OPC Guidance: tell us how we can help you! (beginner)
Speaker: Steph Gregor, Manager, Capability & Guidance at the Office of the Privacy Commissioner

Steph wants to hear about what guidance works best for you. Steph will talk about OPC's evolving approach to guidance, how we currently go about drafting guidance, and what we've learned over the last few years. She also wants to hear from you about what works and what doesn't. Are there topics you'd like us to create or update guidance on? Are there different ways of communicating our guidance that would work better for you? Is there anything we've done that you've found particularly useful and want us to do more of? Come along with any questions you have and take the opportunity to influence where OPC's guidance heads in the future!

Sign up for this webinar.

Thursday 14 May

10am-11am 

Are Principles Enough? Children, Algorithms and the Case for Greater Protection
Annette Mills, The University of Canterbury, and Privacy Foundation New Zealand Children’s Privacy Working Group

Children and young people in Aotearoa New Zealand are growing up in an increasingly data-driven world.
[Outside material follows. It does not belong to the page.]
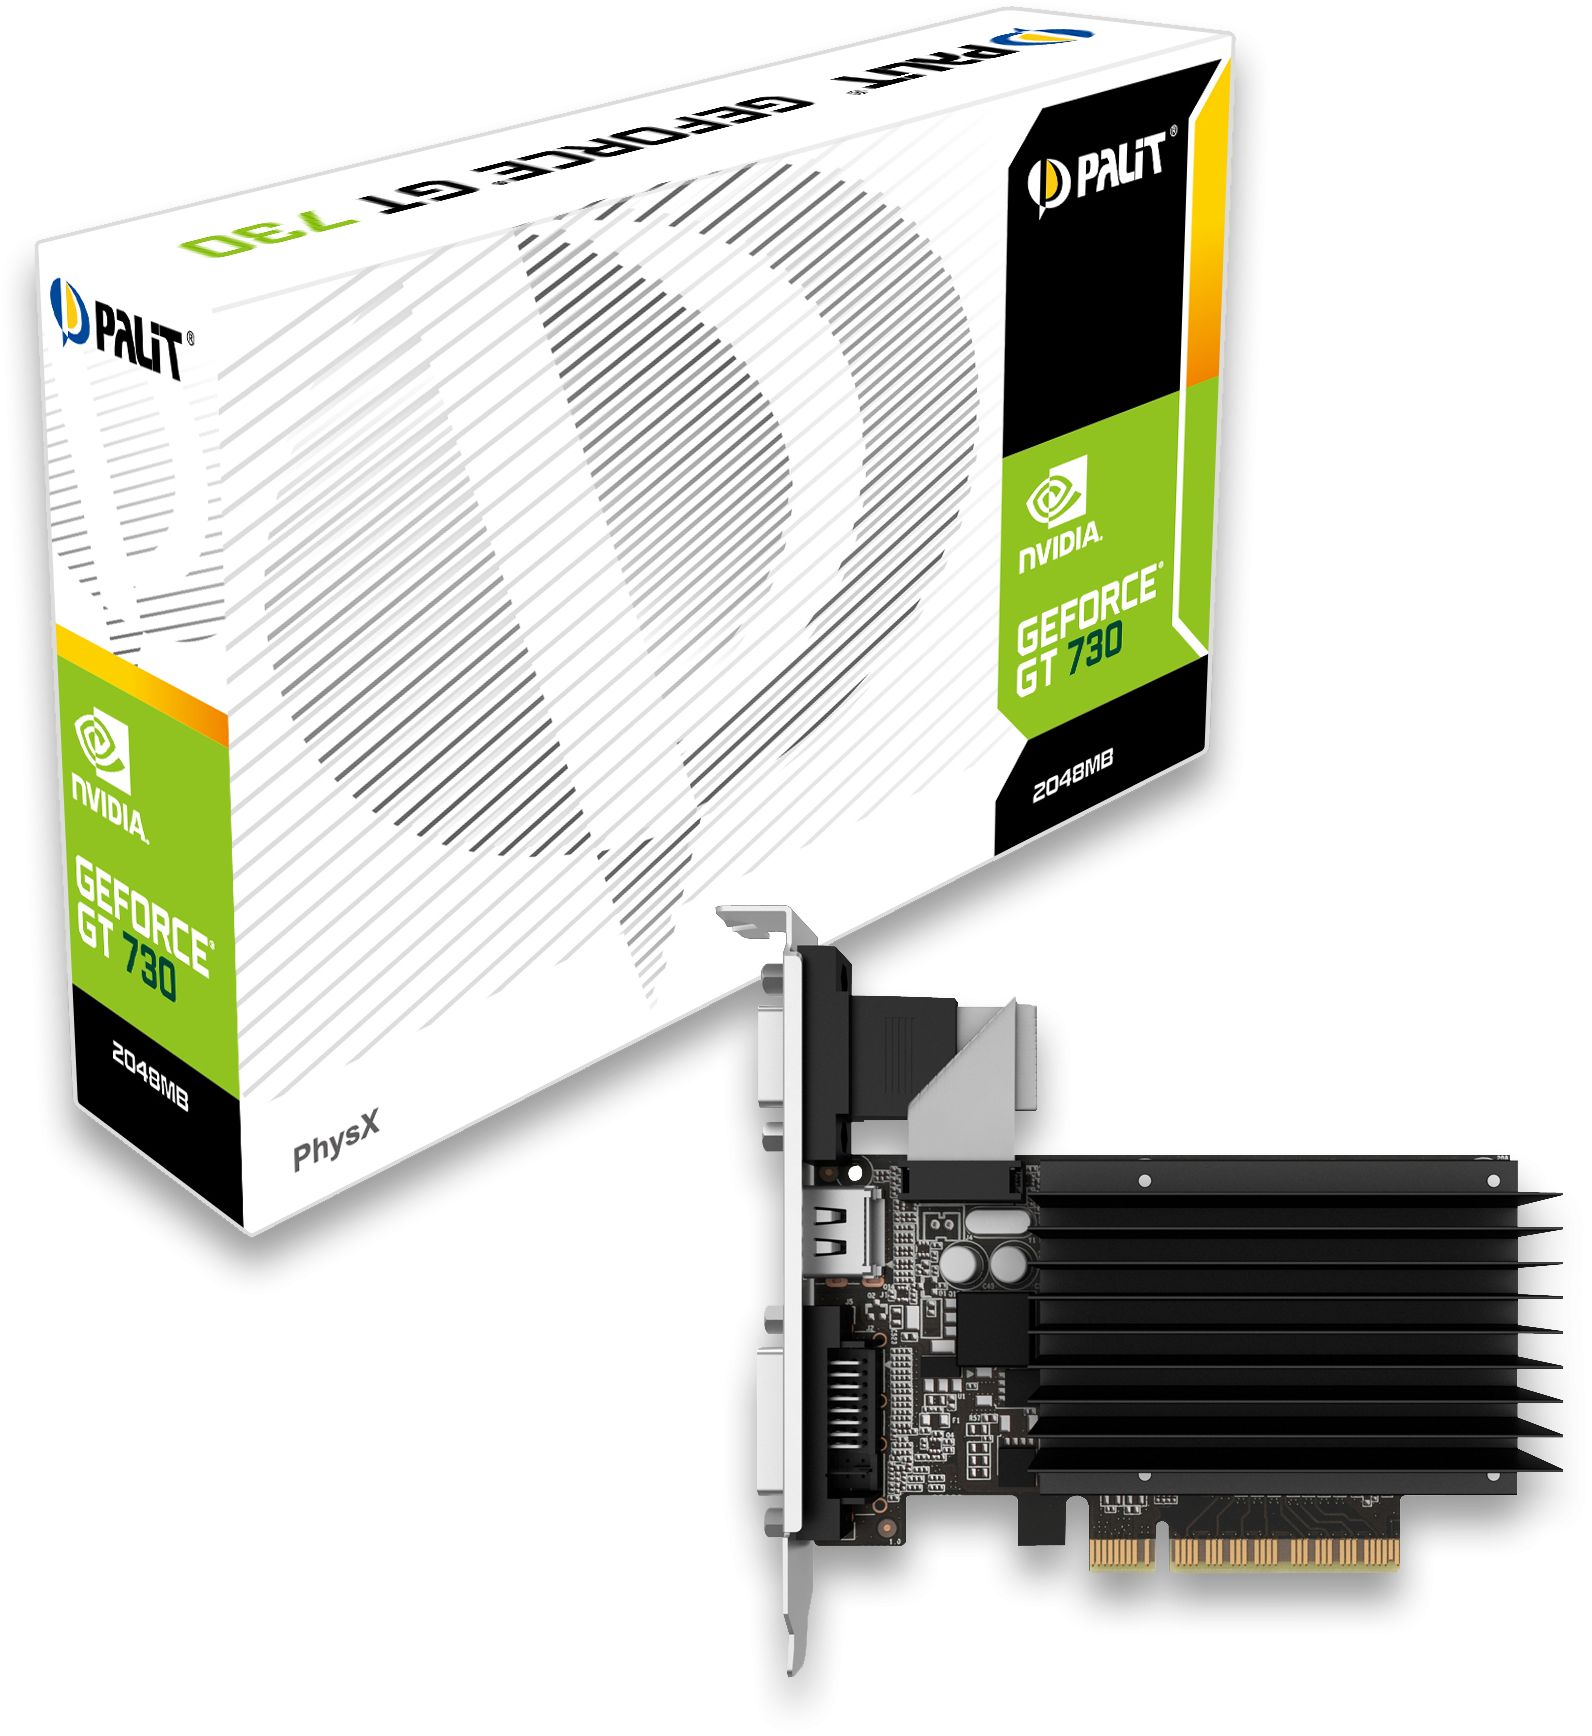 Geforce GT 730 2GB DDR3 Fanless Graphics Card

From educational technology platforms and learning analytics in schools to social media, gaming apps, and AI-powered services, children’s personal information is routinely collected, analysed and used to shape their online experiences.
 
Recent guidance released by the Office of the Privacy Commissioner as part of its Children and Young People Policy Project highlights the need for organisations to take greater care when handling children’s data. At the same time, internationally there has been a growing shift toward stronger, child-specific protections, including the UK’s Age Appropriate Design Code, enhanced safeguards under the GDPR, and Australia’s recently enacted Online Safety Amendment (Social Media Minimum Age) Bill.
 
This raises an important question: Is New Zealand’s principles-based Privacy Act enough to protect children in the age of algorithms?
 
As part of Privacy Week, this webinar will explore:
1.    How algorithmic processing and AI-driven systems affect children’s privacy in schools and online environments.
2.    Whether existing consent and transparency models adequately protect tamariki and rangatahi.
3.    The emerging global move toward child-specific privacy protections.
4.    What stronger safeguards might look like in Aotearoa.
5.    What practical steps can educators, organisations, parents and policymakers take now.
 
This session is open to anyone interested in children’s privacy, digital governance, and the future of data protection in New Zealand, including educators, privacy professionals, policymakers, industry, and whānau seeking to better understand how to safeguard children in a rapidly evolving digital landscape.

Sign up for this webinar.

12pm-1pm 

Your data will be used against you (beginner)
Speaker: Andrew Guthrie Ferguson, the George Washington University Law School

In this webinar George Washington University Law Professor Ferguson warns us of how the rise of sensor-driven technology, social media monitoring, and artificial intelligence can be weaponised against democratic values and personal freedoms. At the same time, that data will solve crimes, radically transforming how criminal cases are prosecuted. Ferguson will explore how this proliferation of private data in combination with public surveillance networks promises new ways to solve previously unsolvable crimes but also leaves us vulnerable to governmental overreach and abuse. He will propose legal interventions that address the threat of digital self-surveillance and provide concrete suggestions about how legislators, judges, and communities should respond to the growing threats to privacy in the digital age.

Sign up to this webinar.

1.30pm-2.30pm 

Identity, Applications, and the New Privacy Risk Surface: Lessons from Aotearoa’s Evolving Threat Landscape (intermediate)
Speakers: Ian Peters, Director of Security Testing and Assurance and Damien Ryder, Identity and Access Management at CyberCX 

New Zealand organisations are facing a rapidly shifting privacy and cyber risk environment, with recent high‑profile breaches highlighting how attackers continue to seek sensitive personal information. As cloud adoption accelerates and digital services become more interconnected across government and industry, the identity of both the consenting source of the data, and the consumers and processors of it, have become more complex. When paired with issues in the underlying implementation of controls, this can leave the privacy of personal information at risk. 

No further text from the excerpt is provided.